Furthermore, the low frequency band is divided within the range of 20 Hz to 500 Hz.
[0019]
In the sound control apparatus according to the present invention, the control unit may perform
tone adjustment using the integrated value from the level integrator.
[0020]
The acoustic control device according to the present invention integrates the level of the sound
signal in the frequency band higher than the first frequency by the level integrator to obtain a
first integrated value, and the first integrated value exceeds a predetermined value. And limits the
frequency band higher than the first frequency of the speaker drive signal.
09-05-2019
5
Even when the level of the signal higher than the first frequency is high, it can be given to the
speaker as long as the first integrated value does not exceed the predetermined value, so the
acoustic effect can be maintained high.
In addition, even if the level of the signal in the higher region than the first frequency is lower, if
the first integrated value exceeds the predetermined value, the frequency band higher than the
first frequency is limited, so overheating and breakage of the speaker may occur. Can be reliably
prevented.
[0021]
Further, by providing a second fixed filter to extract a sound signal in a low frequency band and
adding a second integrated value obtained by integrating the signal level in the low frequency
band, it is possible to maintain the acoustic effect.

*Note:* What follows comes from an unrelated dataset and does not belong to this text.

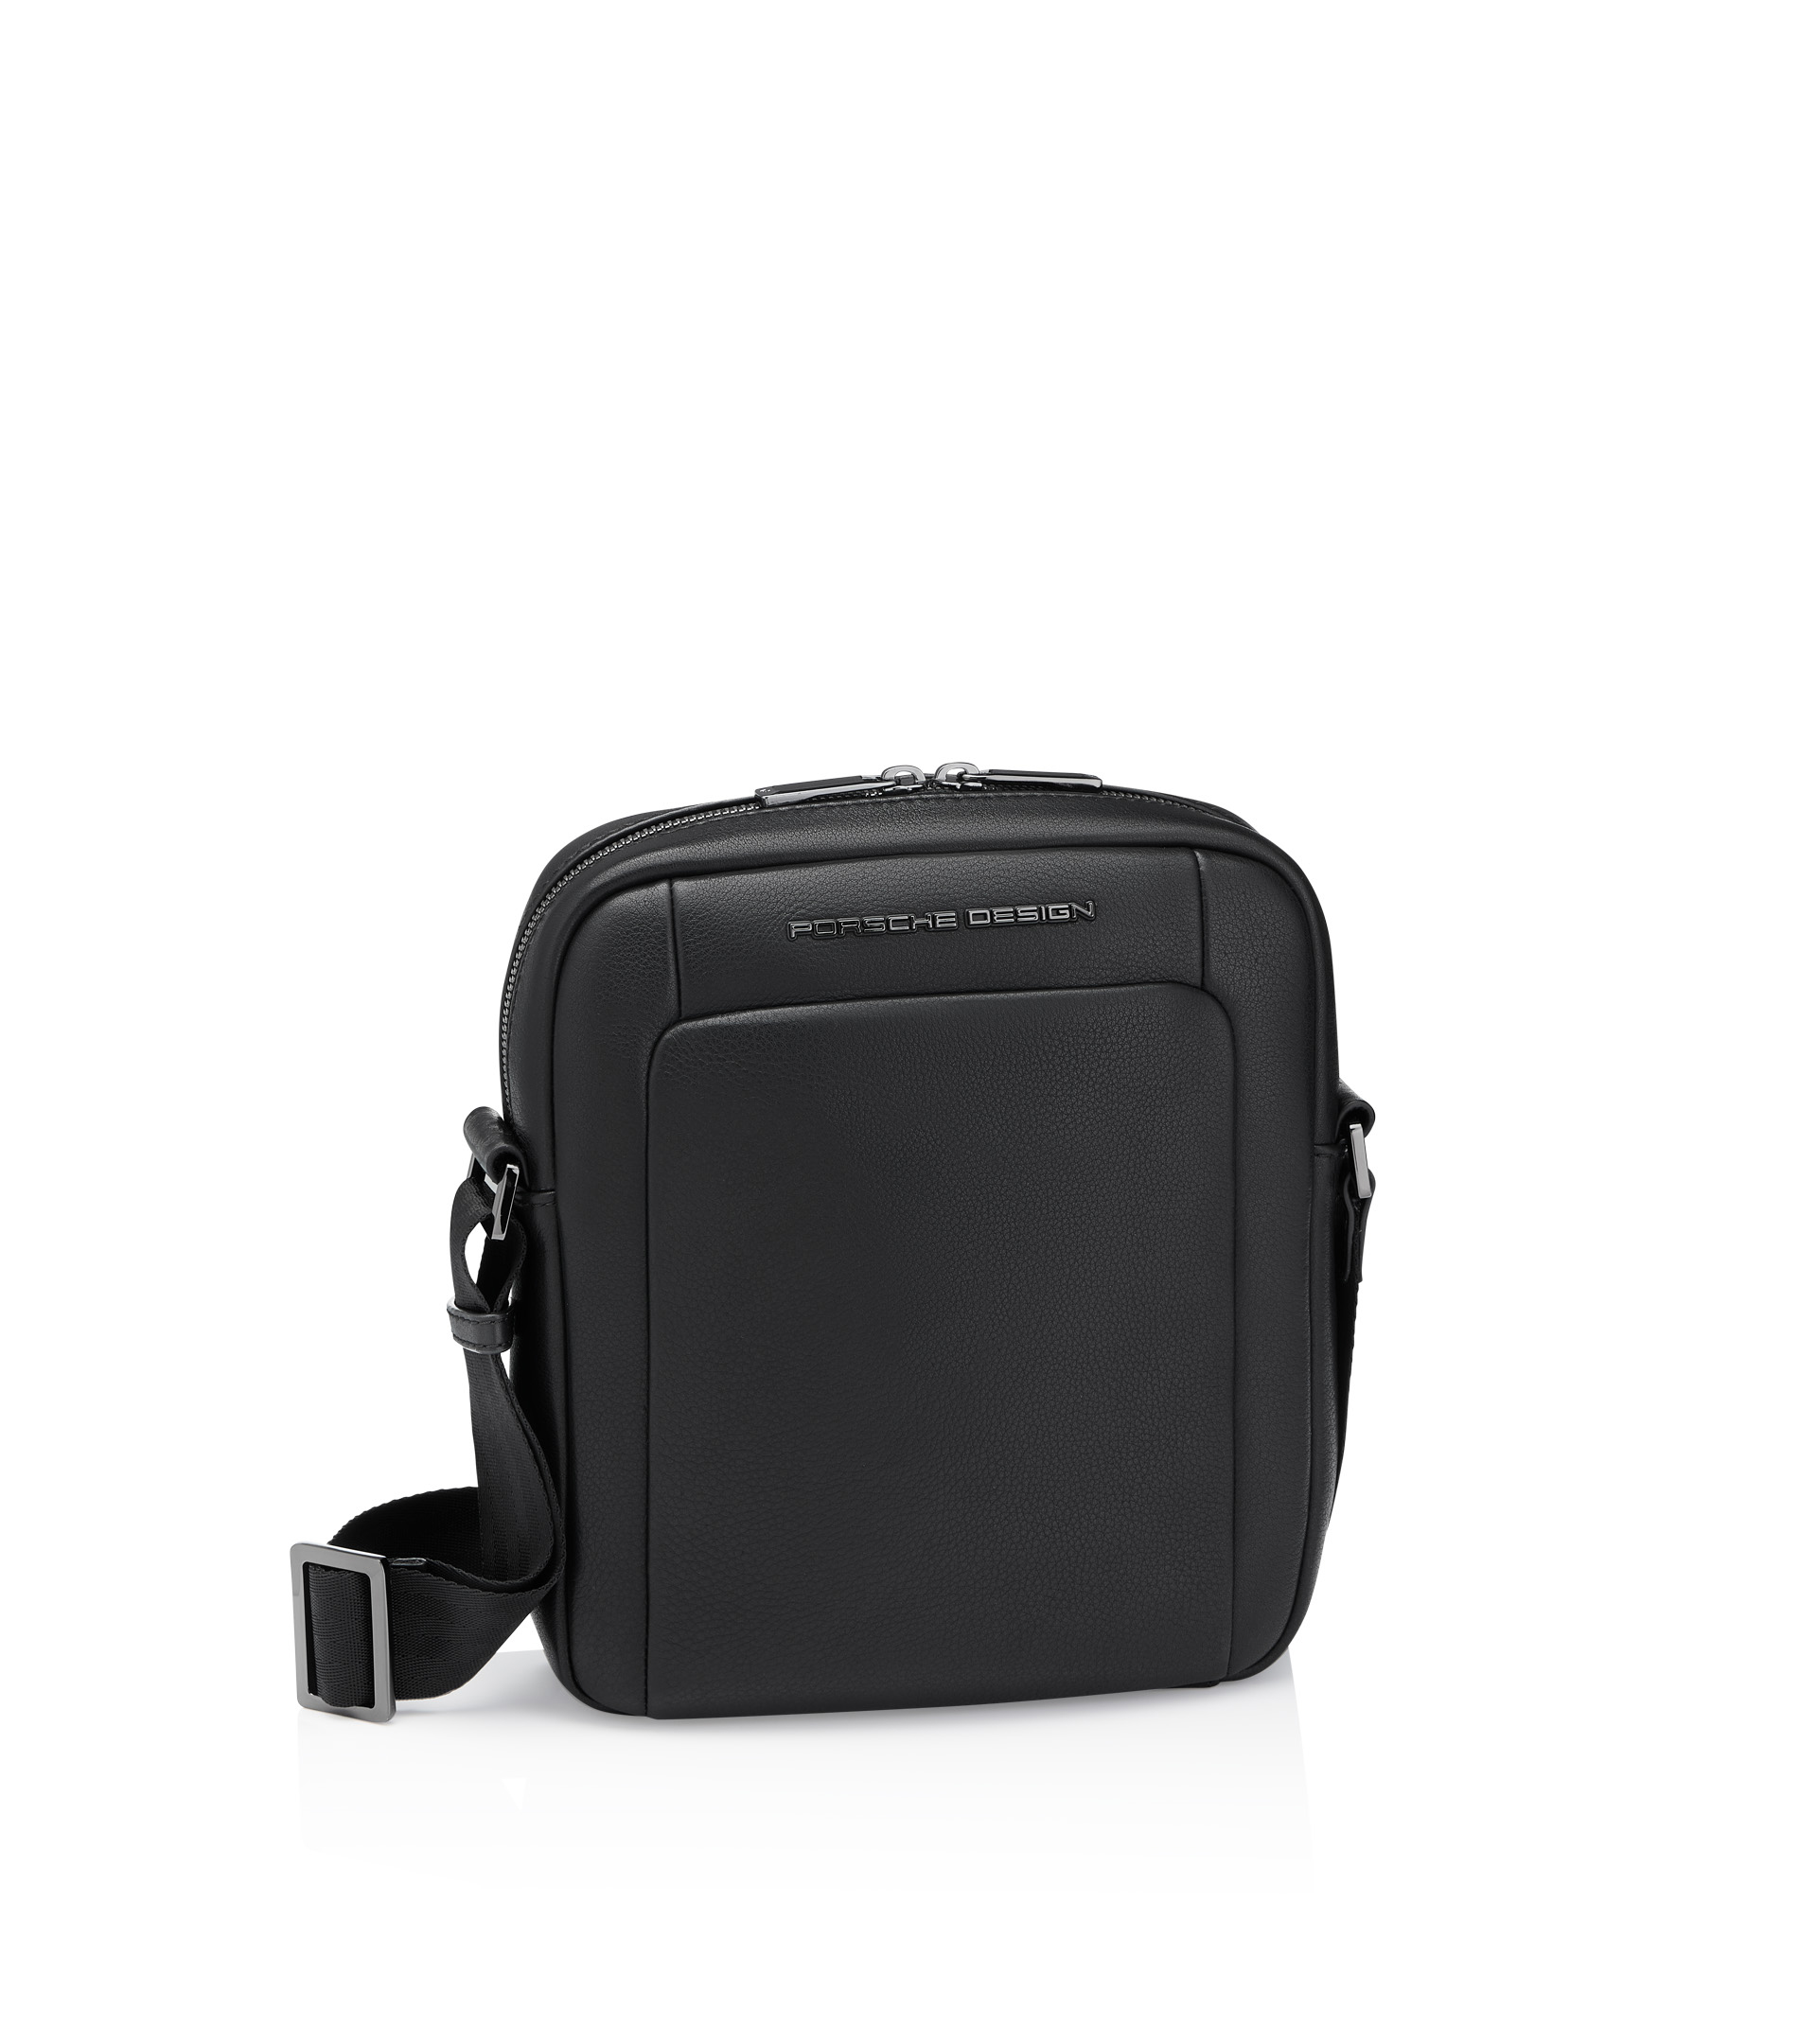 PORSCHE DESIGN Top Handle Bag Shoulder Bag business A4 size
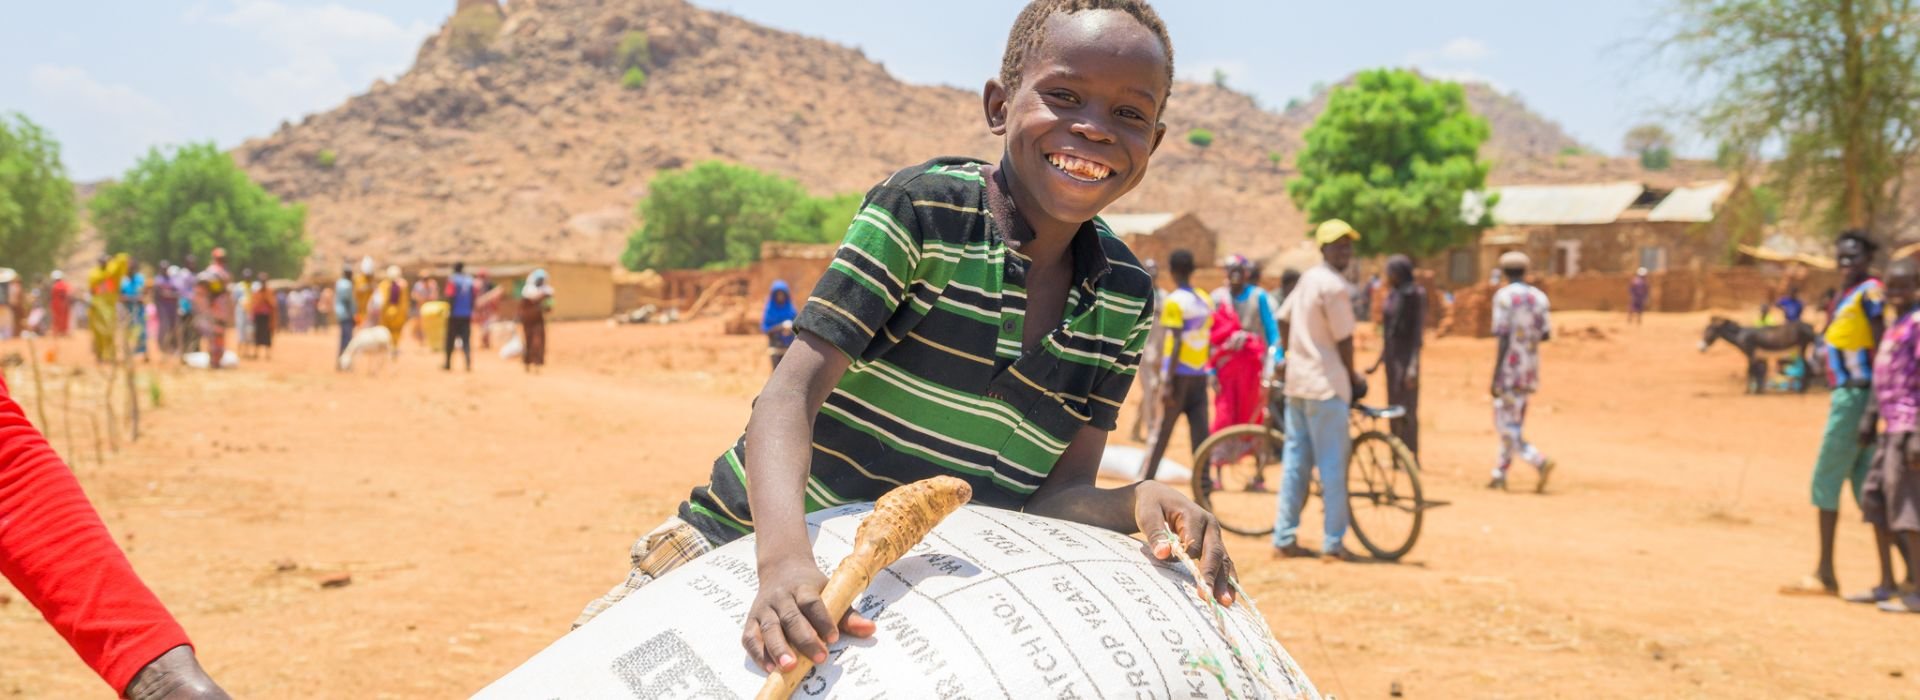 Samaritan's Purse bringt Lebensmittel in den Sudan

If the second integrated value is large and the sound signal level in the low frequency band is
high, the voice coil amplitude is large and the cooling effect is high, and the temperature rise is
suppressed. Level of the sound signal is not limited, and even if the high frequency level of the
sound signal is increased and the first integrated value is increased, the high frequency sound
signal at a higher level than the first frequency is obtained. It becomes possible to use it and it is
possible to further enhance the sound effect.
[0022]
FIG. 2 is a block diagram of the acoustic device according to the embodiment of the present
invention, a follow chart showing an example of control operation in the control unit shown in
FIG. 1, a line showing the relationship between the frequency of the speaker drive signal given
the voice coil of the speaker and the coil temperature. Figure,
[0023]
FIG. 1 shows a block diagram of the acoustic control device 1 according to the embodiment of
the present invention.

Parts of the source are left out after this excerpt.